General ML

Entropy

Surprise, averaged — and why your training loss is a code length

01 · First principlesHow surprised should an event make you?

Start with one event of probability p. We want a number s(p) measuring how surprising it is when it happens. Three requirements pin the answer down almost uniquely:

Certain events carry no surprise: s(1) = 0.
Rarer means more surprising: s decreases in p, blowing up as p → 0.
Independent surprises add: two unrelated events of probabilities p and q occur together with probability pq, and the joint surprise should be s(p) + s(q).

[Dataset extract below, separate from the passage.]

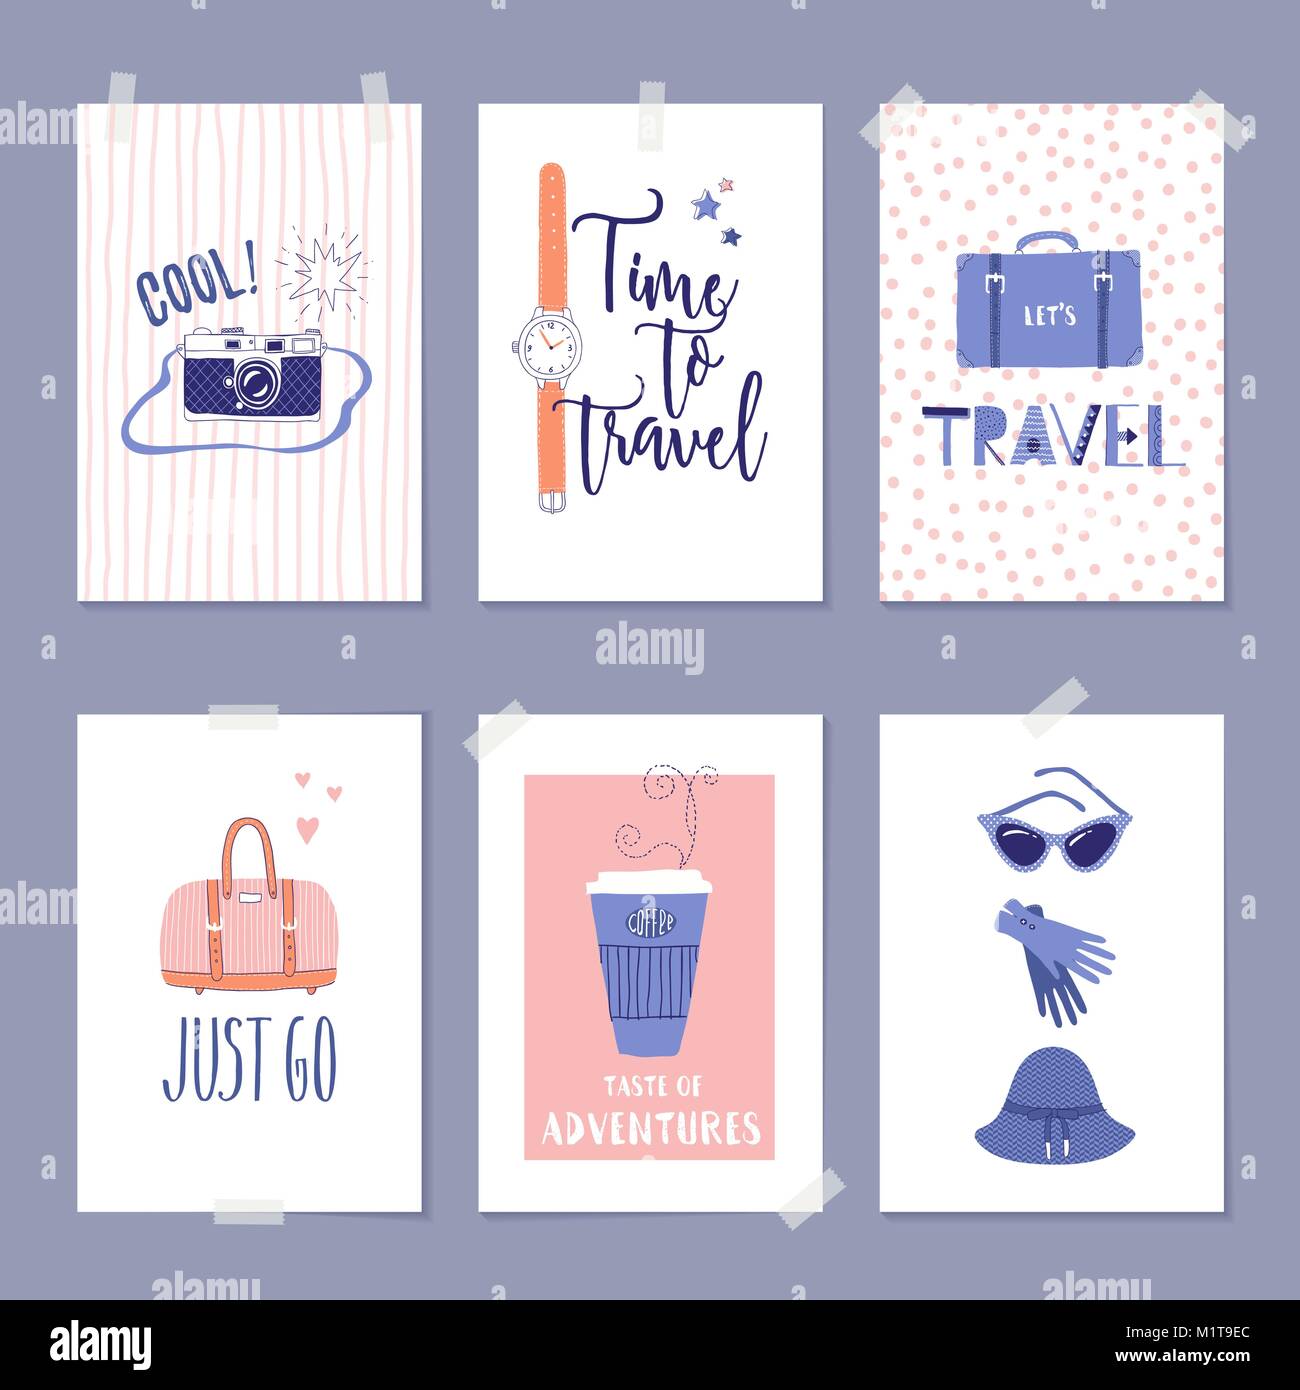 Vector set of templates with travel illustrations and lettering. For greeting card, poster, label or banner design. Retro 50's style. Stock Vector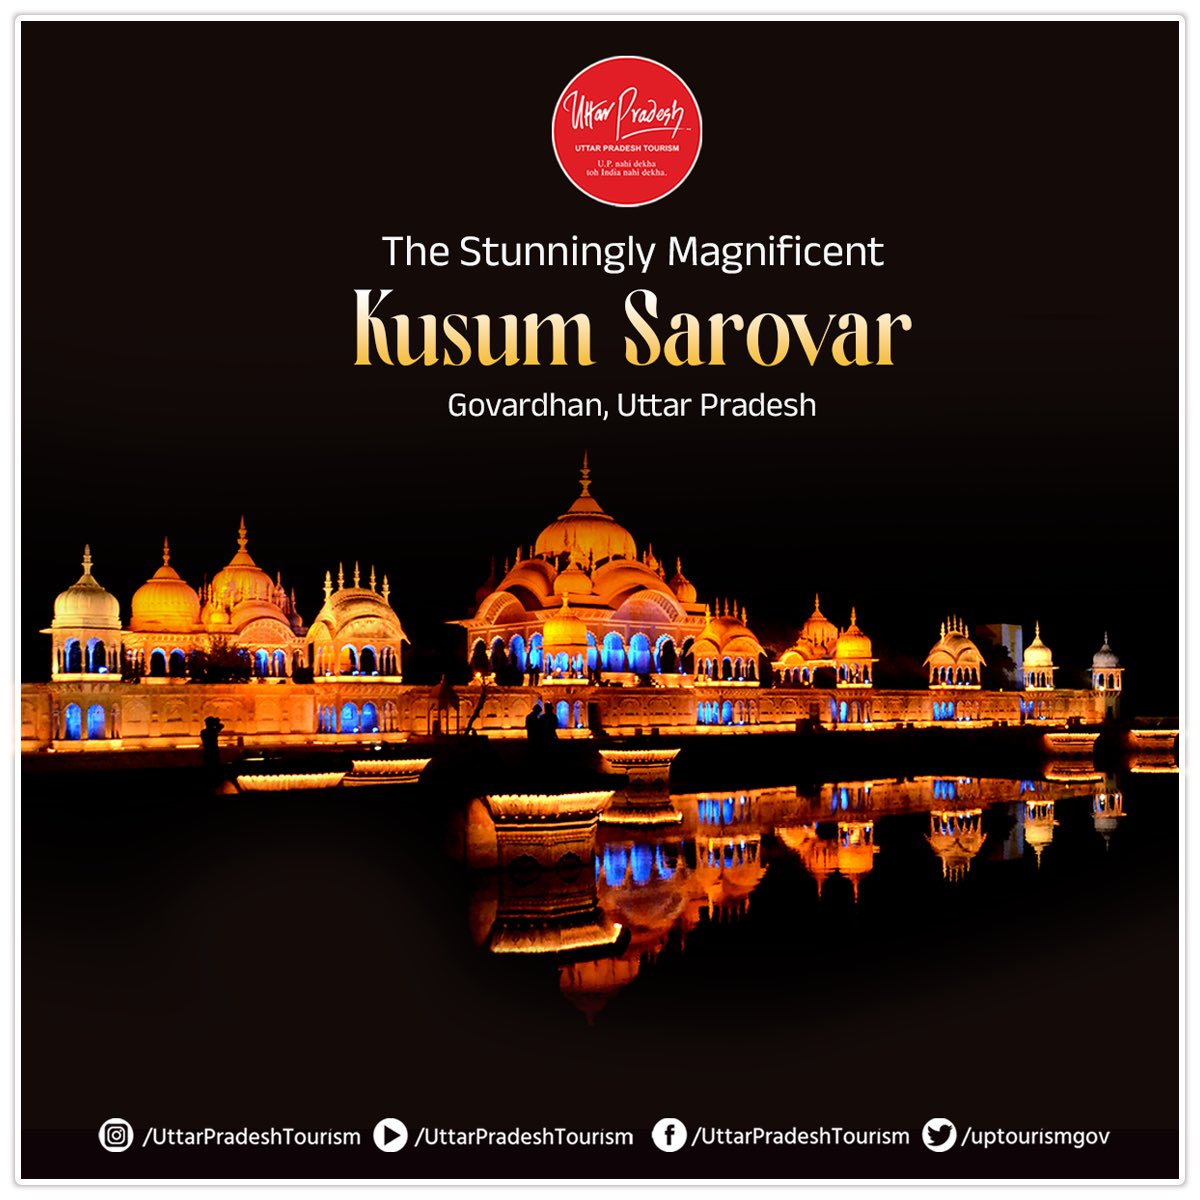 Discover the enchanting #KusumSarovar in #Govardhan. This serene setting, surrounded by intricate sandstone pavilions, offers a peaceful retreat steeped in #history & #spirituality. Perfect for moments of reflection & admiration of its #architectural & #spiritual beauty.

Requirement 3 is the decisive one — a function turning products into sums is a logarithm. So:

s(p) = −log p — base 2 gives bits, base e gives nats

A fair-coin head is 1 bit of surprise. A 1-in-1024 event is 10 bits. Doubling the rarity adds one bit; surprise is the receipt randomness hands you, denominated in logs.

02 · The definitionEntropy = expected surprise

A distribution produces events all the time, each with its own surprise. Average them under the distribution itself (an expectation, like everything else):

H(p) = E_x∼p[−log p(x)] = −Σ_x p(x) log p(x)

how surprising this source is, on average

Shannon's theorem gives the operational meaning in one line: H(p) is the minimum average number of bits per symbol any code can achieve for data drawn from p. Frequent symbols get short codewords, rare ones get long codewords (length −log p(x) each), and no cleverness beats the average. Entropy is not a metaphor for information; it is the irreducible invoice for transmitting it.

03 · The extremesUniform maximises, deterministic zeroes

A deterministic source — one outcome, probability 1 — has H = 0: nothing to say, nothing to transmit. At the other end, the uniform distribution over K outcomes maximises entropy at log K: every guess is as bad as every other, maximal ignorance. Everything interesting lives between.

Binary entropy. Certain at either end (H = 0), maximally uncertain at p = 0.5 (H = 1 bit).

This curve is why label smoothing, exploration bonuses, and entropy regularisation all reach for the same dial: pushing a policy or a softmax toward the top of the curve keeps options open, pushing toward the ends commits.

04 · The wrong codebookCross-entropy is your training loss

Suppose data comes from p but you built your code (your model) for q. You pay q's codeword lengths, −log q(x), at p's frequencies:

H(p, q) = E_x∼p[−log q(x)] = H(p) + KL(p ∥ q)

unavoidablepenalty for the wrong book

This is exactly the loss a classifier trains on: the labels are samples from p (usually one-hot), the softmax output is q, and minimising −log q(label) is minimising the average code length your model assigns the truth. Since H(p) is fixed by the data, minimising cross-entropy is minimising the KL divergence — the wrong-book penalty is the only part you can reduce.

Perplexity, the language-modelling metric, is just exp(H(p, q)) per token: the effective number of equally likely choices the model is still hedging between. A perplexity of 20 means the model is, on average, as uncertain as a fair 20-sided die.

05 · OrientationWhere each quantity points

Quantity	Question it answers	Lives in
−log p(x)	How surprising was this one event?	Per-sample loss values
H(p)	How unpredictable is this source, irreducibly?	Noise floor; best achievable loss
H(p, q)	What do I pay using model q on data p?	The training objective
KL(p ∥ q)	How much of that payment was avoidable?	Its own note

Mental Model

Surprise = −log p: zero when certain, unbounded when rare, additive when independent.
Entropy = expected surprise = the shortest possible average code length (Shannon).
Uniform is maximal ignorance (log K); deterministic is silence (0).
Cross-entropy = coding p's data with q's codebook; the excess over H(p) is KL.
Training a classifier is compressing labels with the model's codebook and shortening the invoice.